10. In Lakshman v. Elammal (1978) 2 M.L.J 280, referred 10 supra,' this Court took the view that if a registered medical practitioner has opined about the sickness or infirmity of a person it may not be proper for the court to brush aside the opinion and come to its own conclusion in the absence of expert medical professional knowledge. When there is specific provision to call for the medical practitioner and examine him, with reference to the medical certificate issued it will not be fair and proper for the court to take a different opinion than that expressed by the registered medical practitioner through the certificate.

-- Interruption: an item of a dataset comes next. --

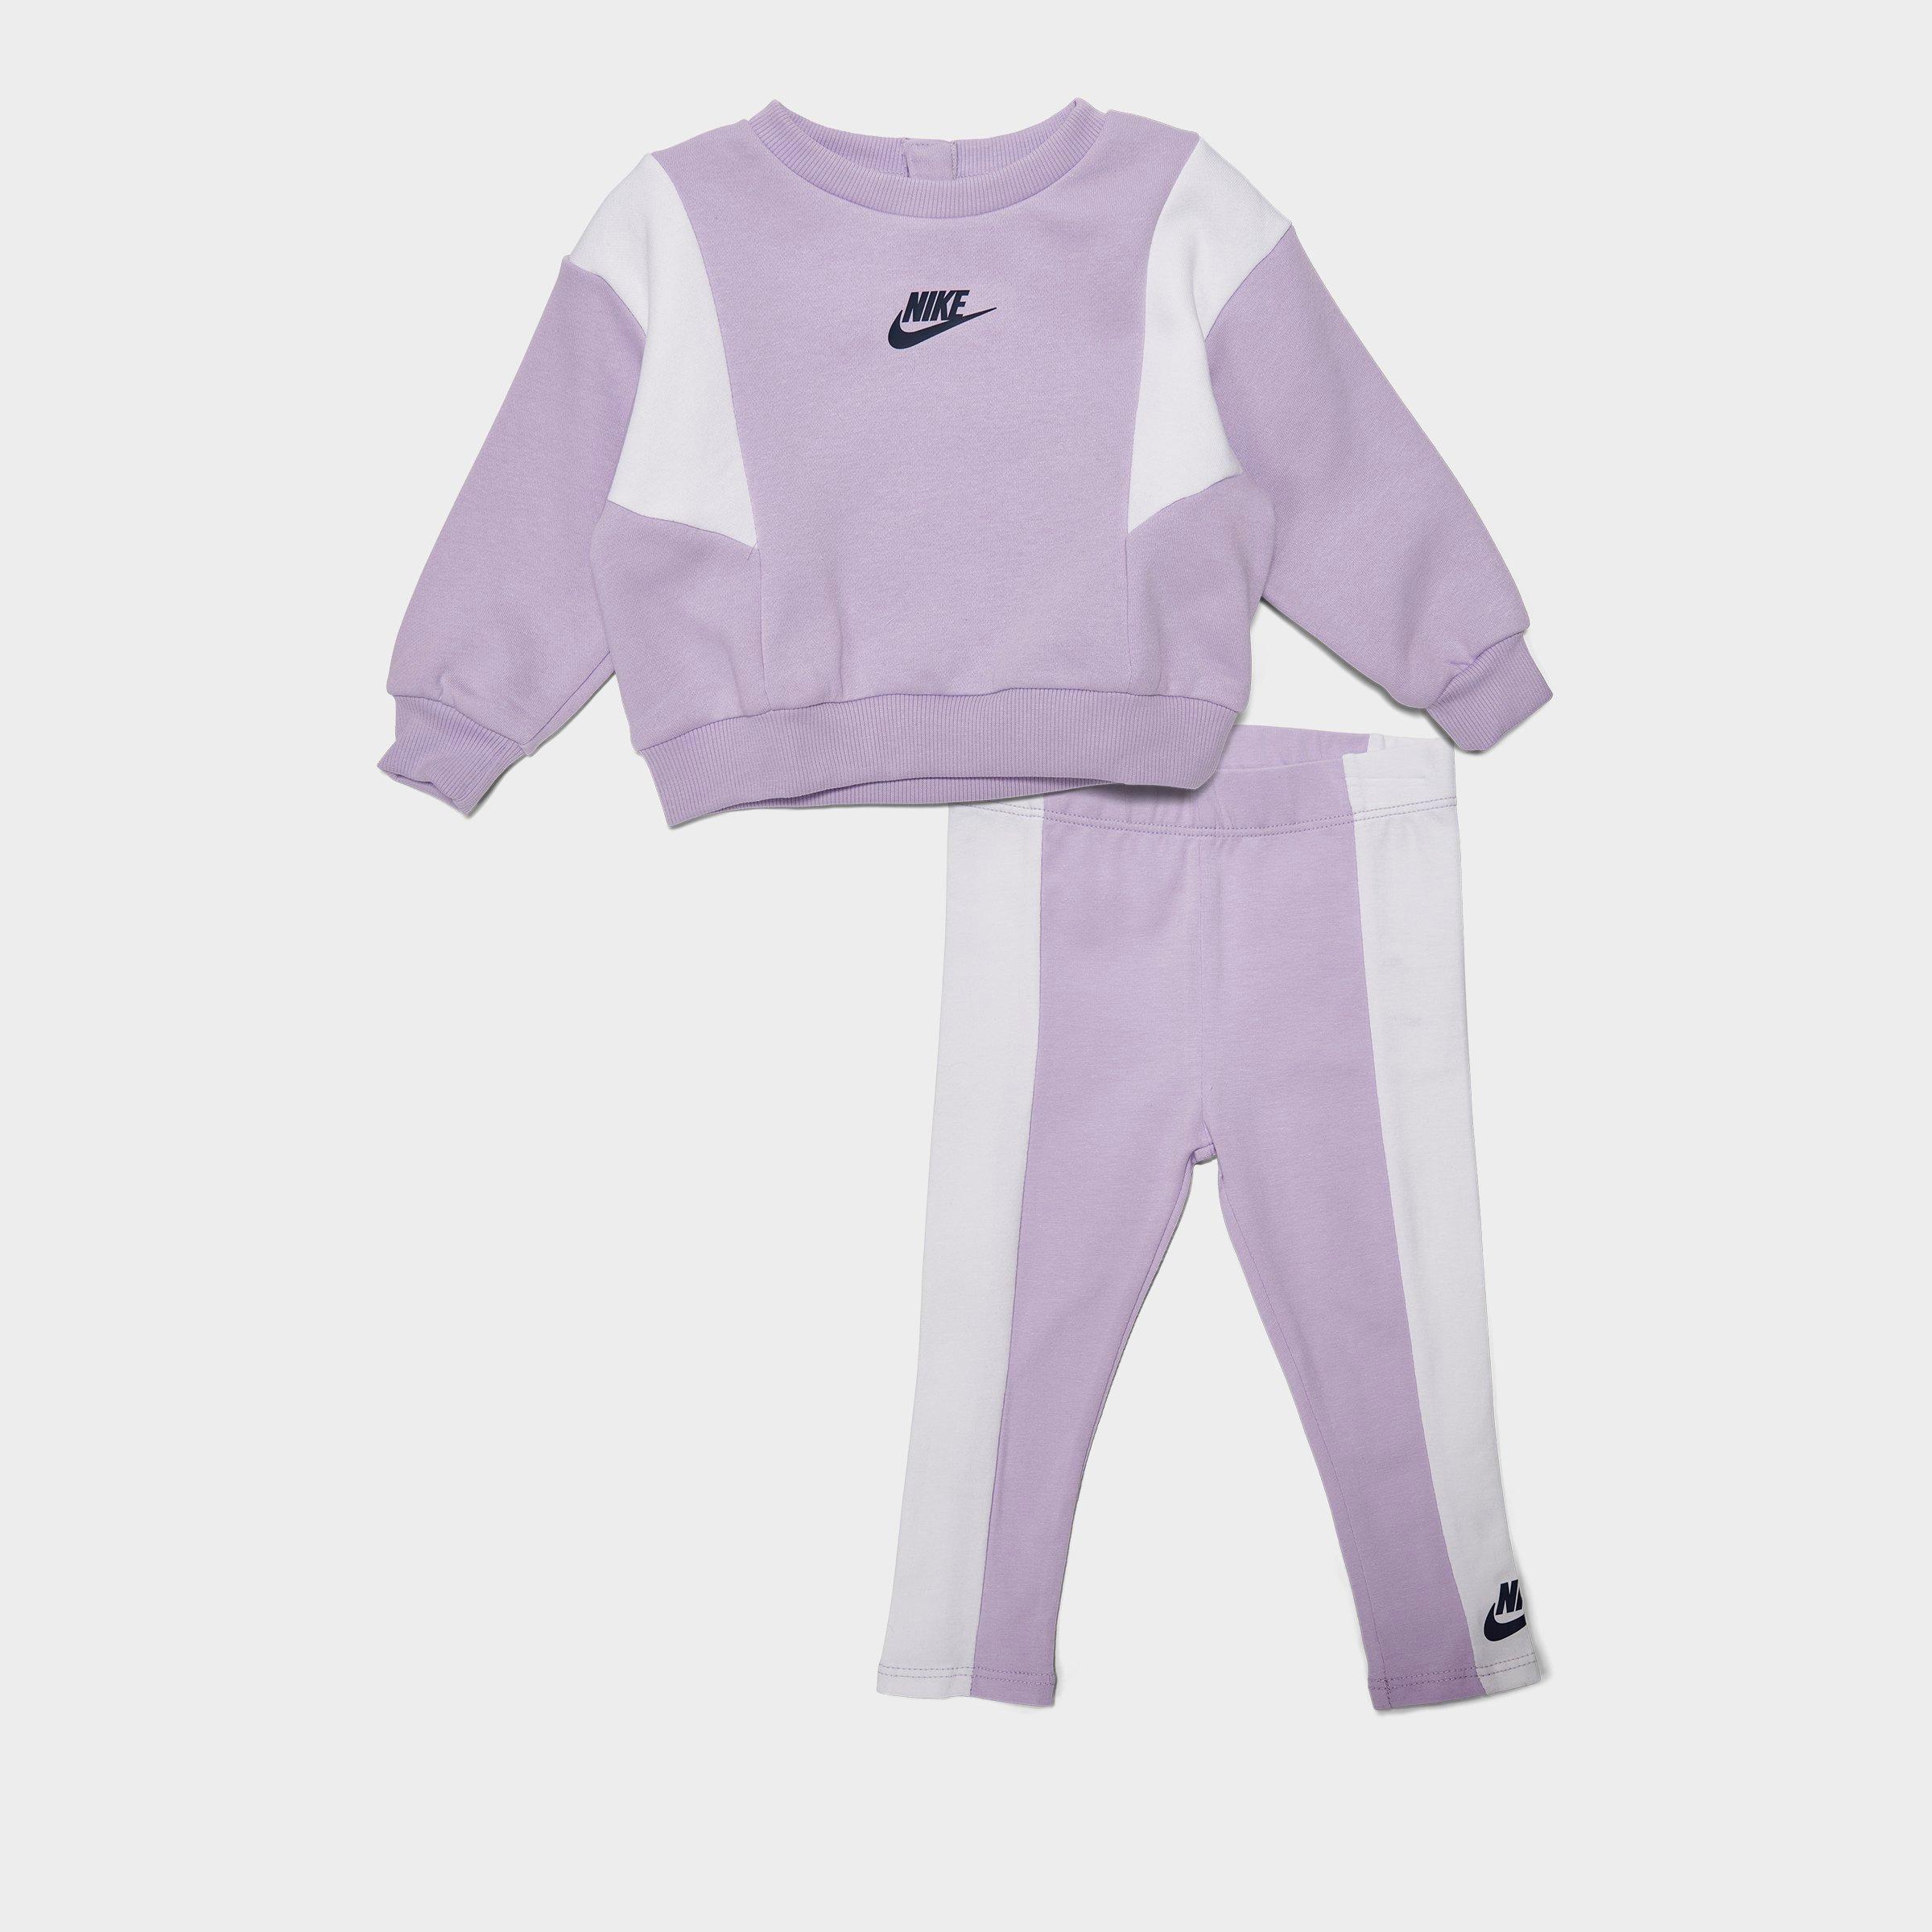 Girl's Infant Nike Crewneck Sweatshirt and Leggings Set
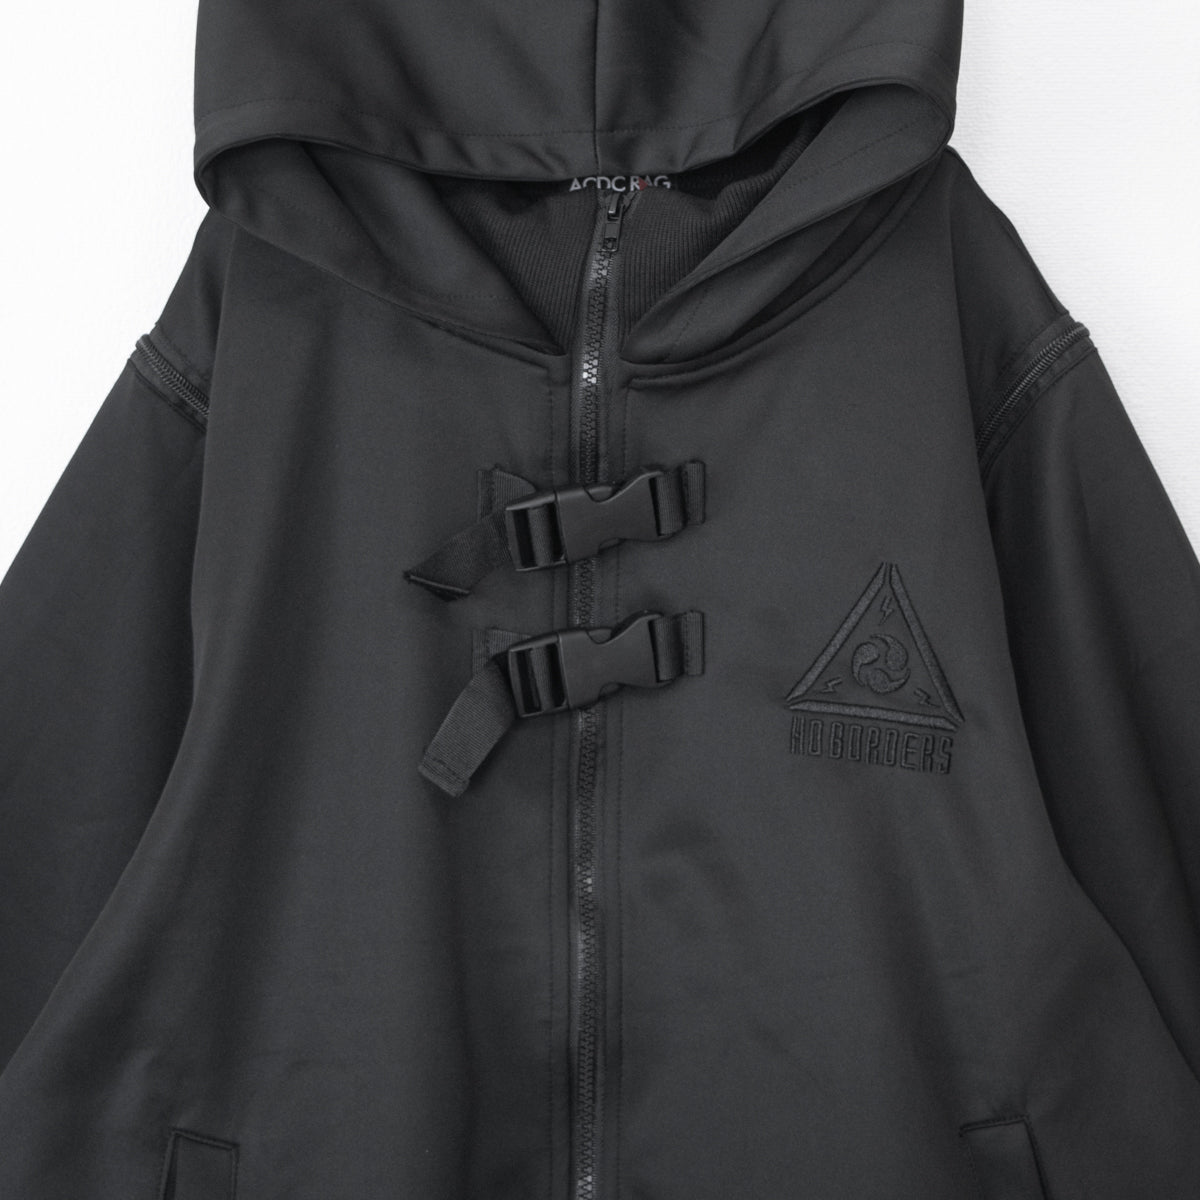 ACDC RAG Uzurai Kimono Jacket Black

11. In the impugned order, the learned Judge has observed that the medical certificate will not lead to the conclusion that his health is so bad and he is not able to travel between Calcutta and Chennai to depose before court, and declined either to act on the medical certificate or to examine the doctor. If the court feels any doubt in the acceptance of the certificate nothing prevented it to examine the doctor to find out the truth or otherwise of the averments contained in the Certificate. In the present case, the learned single Judge has not chosen to do so. When the party wants to examine a doctor in support of the seriousness of the ailment to show the inability to attend the court, that too, when the doctor has advised him not to travel and such travel is dangerous to the life of the person concerned, it is all the more necessary to provide with an opportunity to establish such a case. That will also provide an opportunity to the respondent to contest Or disprove the averments made in support of the application, thus enabling the court to arrive at a just conclusion on the question of appointment of a commissioner to examine the witness. Therefore, we hold that refusal to examine the doctor is a material irregularity in the exercise of discretion and we set aside the impugned order. We also request the learned single Judge to examine the doctor who had issued the medical certificate about the ailment. The counsel appearing for both parties have agreed to examine the doctor on 10.12.1998 without fail. The appellant to keep the doctor ready and request the court for such examination, without protracting the proceedings.

12. The appeal is allowed. Consequently, C.M.P.No. 16724 of 1998 for stay is closed as unnecessary. Parties to bear their own costs.